The alternative—truly open AI compute—would require a level of infrastructure decentralization that doesn't exist yet. It would require open-source chip designs, accessible manufacturing capacity, and democratized access to advanced packaging. We're a long way from that. In the meantime, we have to work within the system we have while pushing for the system we want.
The Practical Path Forward
So what does this mean for the reader? First, understand that Nvidia's dominance is real but fragile. The company's competitive position is built on a tripod: process technology leadership (via TSMC), packaging capacity (via CoWoS), and software ecosystem (via CUDA). Any one of these legs could crack. The most likely crack is packaging, because it's the least visible and the most constrained.
Second, watch the hyperscalers. Their capital expenditure guidance is the leading indicator for Nvidia's revenue. If Microsoft, Google, Amazon, and Meta start pulling back on AI spending, Nvidia's growth narrative changes overnight. The May 2025 earnings report from Nvidia will be critical—it will show whether Blackwell shipments are meeting expectations and whether the data center growth story is sustainable.
Third, pay attention to the inference shift. As AI workloads move from training to inference, the competitive dynamics change. Inference is a more distributed workload, which means it's more amenable to specialized chips like Google's TPU and Amazon's Trainium. Nvidia's dominance in training doesn't automatically translate to dominance in inference. The company will need to adapt its product mix and pricing strategy, which will likely put downward pressure on margins.
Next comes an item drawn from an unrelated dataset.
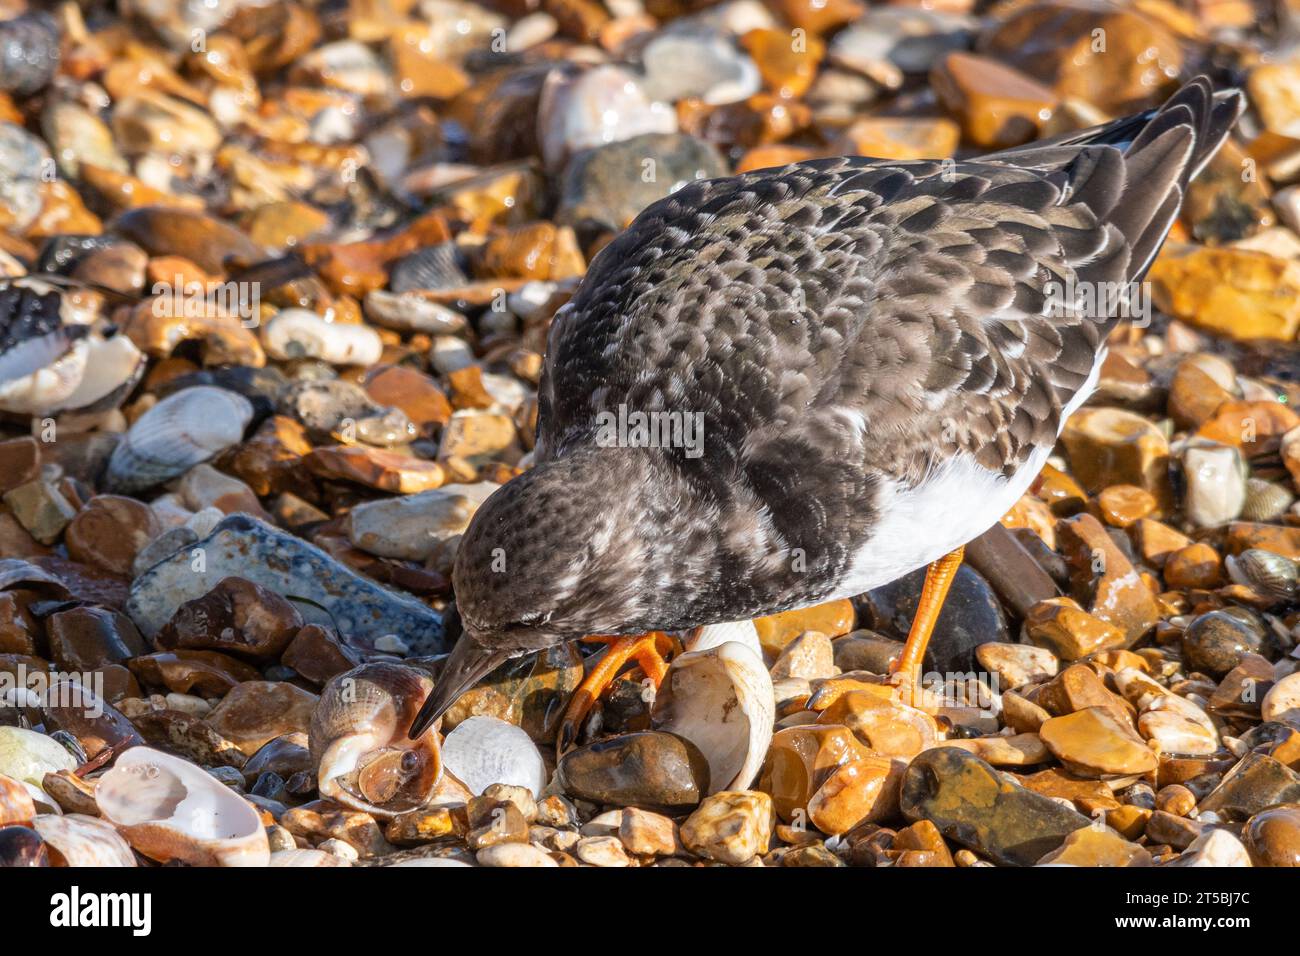 Una pietra arenaria (interpreta Arenaria) che si nutre di un uccello che dà da mangiare a un comune mollusco (Buccinum undatum) su una spiaggia dell'Hampshire, Inghilterra, Regno Unito Foto Stock

Fourth, consider the geopolitical overlay. The US-China technology decoupling is accelerating. Nvidia's "de-China-ification" is a strategic retreat that reduces short-term risk but creates long-term competitive threats. Chinese AI chip makers, backed by the $47 billion National Semiconductor Fund, will continue to improve. Within 3-5 years, they could be credible alternatives for domestic Chinese demand, if not global demand.
Finally, ask yourself: are you building on decentralized infrastructure or centralized convenience? If you're a developer, think about the long-term implications of locking into a single vendor's ecosystem. If you're an investor, think about the concentration risks in a supply chain that spans Taiwan, South Korea, and the United States. If you're a creator, think about who controls the means of AI production and what that means for your ability to own your work.
The Bridge We Need
Tracing the code back to the conscience behind it, I find that Nvidia's story is a mirror of our own ambitions and fears. We want AI to transform the world, but we want it to be safe, accessible, and equitable. We want technological progress, but we don't want to be locked into a single vendor's roadmap. We want decentralized control, but we're building on centralized infrastructure.
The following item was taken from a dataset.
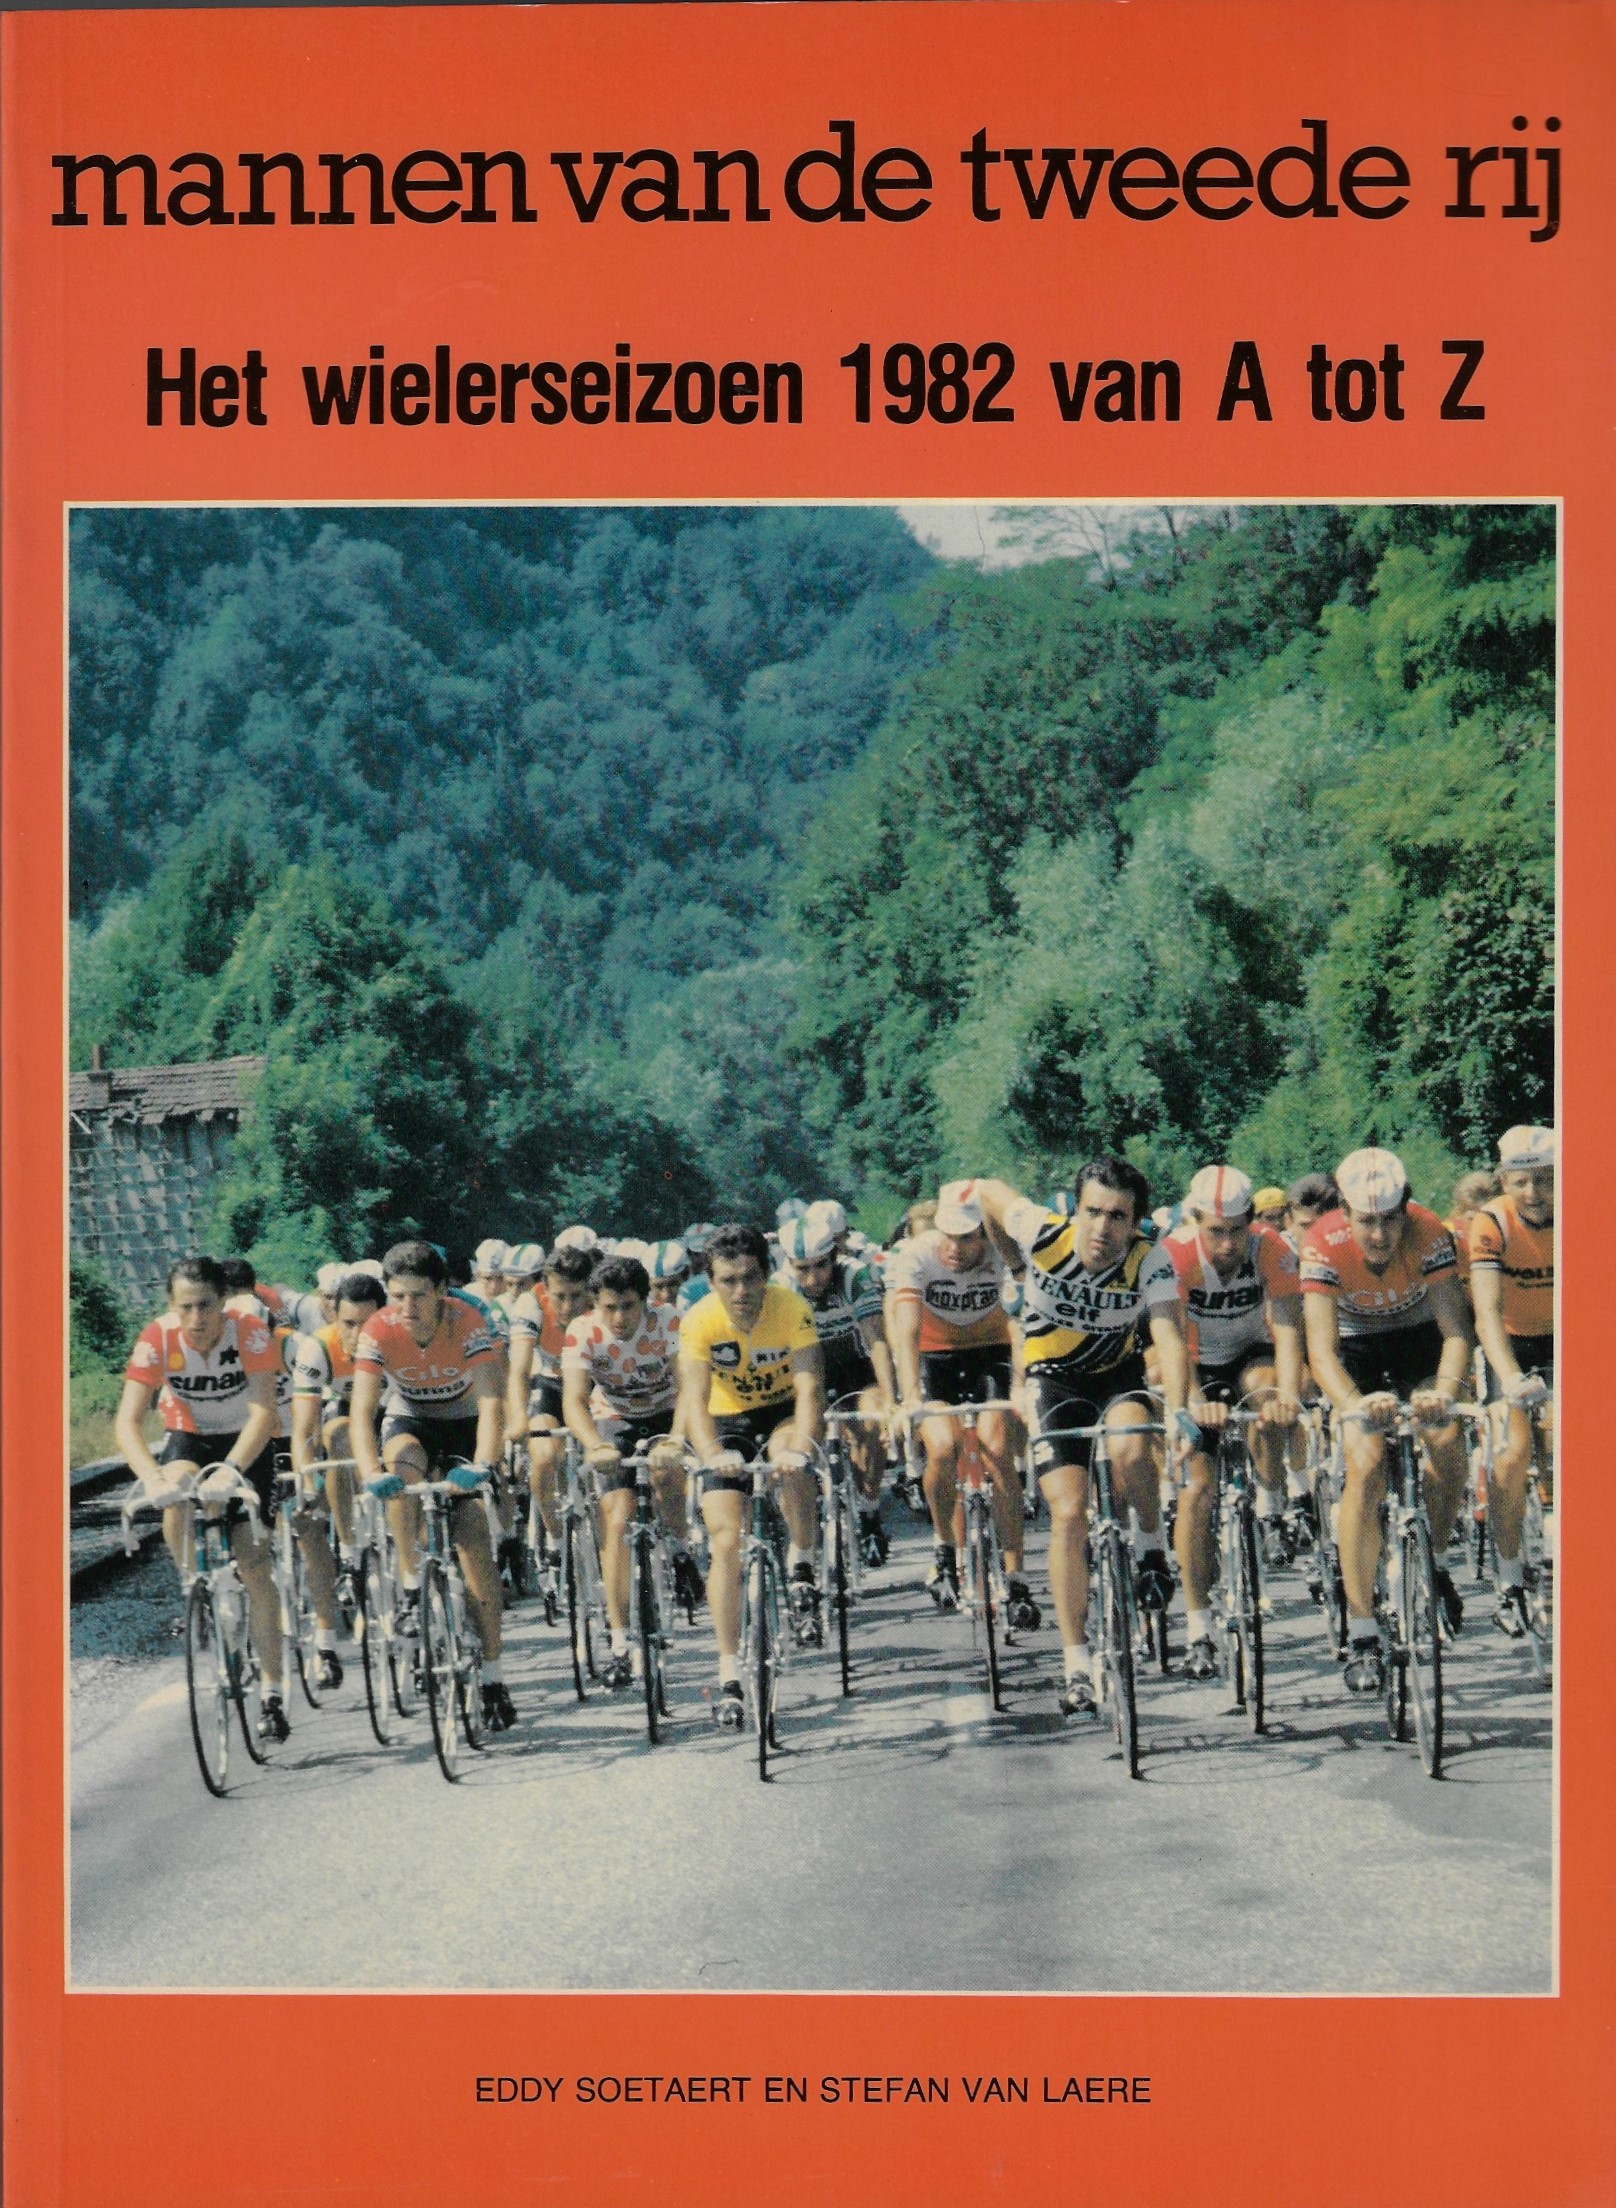 Soetaert, Eddy en Van Laere, Stefan - Het wielerseizoen 1982 van A tot Z - Mannen van de tweede rij

This tension isn't a problem to be solved. It's a condition to be managed. Nvidia will continue to dominate the AI chip market for the foreseeable future, but its dominance will be challenged from multiple directions: hyperscaler self-chips, AMD's competitive pressure, Chinese alternatives, and the fundamental shift from training to inference. The company's moat is deep, but it's not infinite.
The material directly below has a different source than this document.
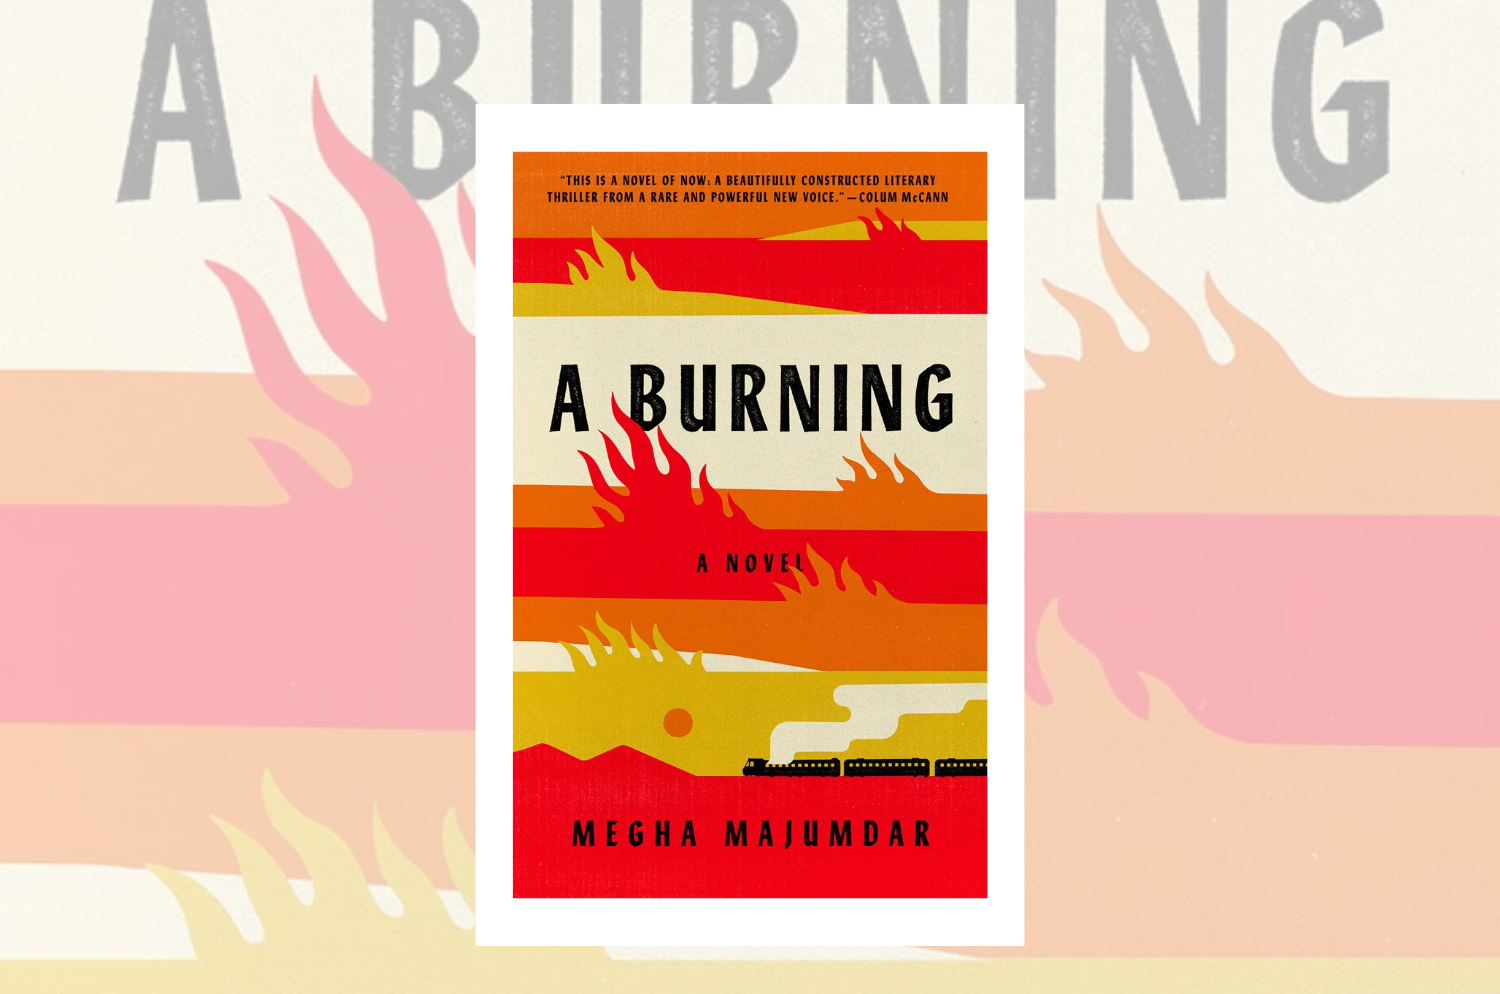 “A Burning” by Megha Majumdar

The real question isn't whether Nvidia's stock is a buy or a sell. It's whether we're building the kind of AI infrastructure that serves humanity's collective interest or just the interest of a few corporations. We build bridges, not just blocks, between people. The bridge we need is one that connects technological capability with human flourishing, economic efficiency with social equity, and centralized excellence with decentralized resilience.
That bridge doesn't exist yet. But every line of code, every chip design, every capacity expansion is a brick in its foundation. The question is whether we're building the right bridge.